Topics Covered in This Educational Live Support Desk:

  • The exact process for importing users from platforms like MailerLite using CSV files
  • How to map spreadsheet fields so your import succeeds
  • The difference between site pages and course pages in Zenler
  • Connecting custom domains through various hosting providers
  • Setting up secret courses for beta testing before public launch

Migrating to a new platform means moving your people with you. Your email list represents relationships you've built, often over years. Getting those contacts into Zenler properly matters more than almost any other technical setup step.

During recent support sessions, creators asked the questions that come up every time someone makes this transition: How do I get my list from MailerLite (or ConvertKit, or wherever) into Zenler? Why isn't my custom domain working? What's the difference between my website homepage and my course pages?

These aren't advanced questions.
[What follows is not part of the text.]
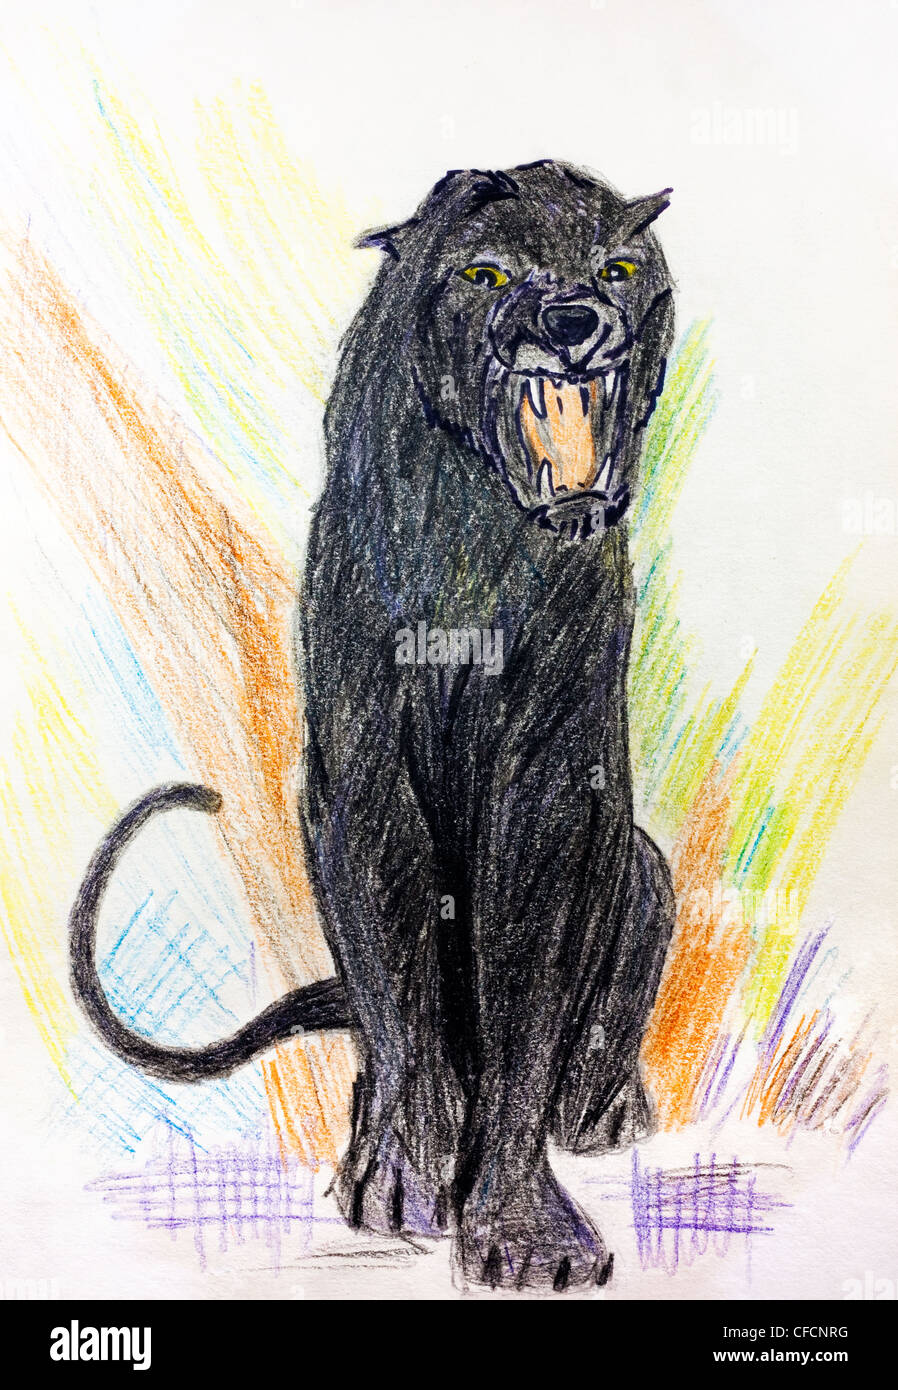 Pintura de un negro o pantera rugiendo Fotografía de stock Alamy

They're the fundamental ones that determine whether your migration succeeds or turns into a frustrating mess.

The CSV Import Process

Moving your email list requires a specific sequence. Skip steps, and the import fails. Rush through field mapping, and your data lands in the wrong places.

Start by exporting your current list. Your existing platform—whether MailerLite, MailChimp, or another service—has an export function. Use it. Download your list as a CSV file.

Now comes the critical part: field mapping. Your CSV has column headers—things like "Email Address," "First Name," "Subscriber Date." Zenler has its own required headers: email, first_name, last_name, joined_on.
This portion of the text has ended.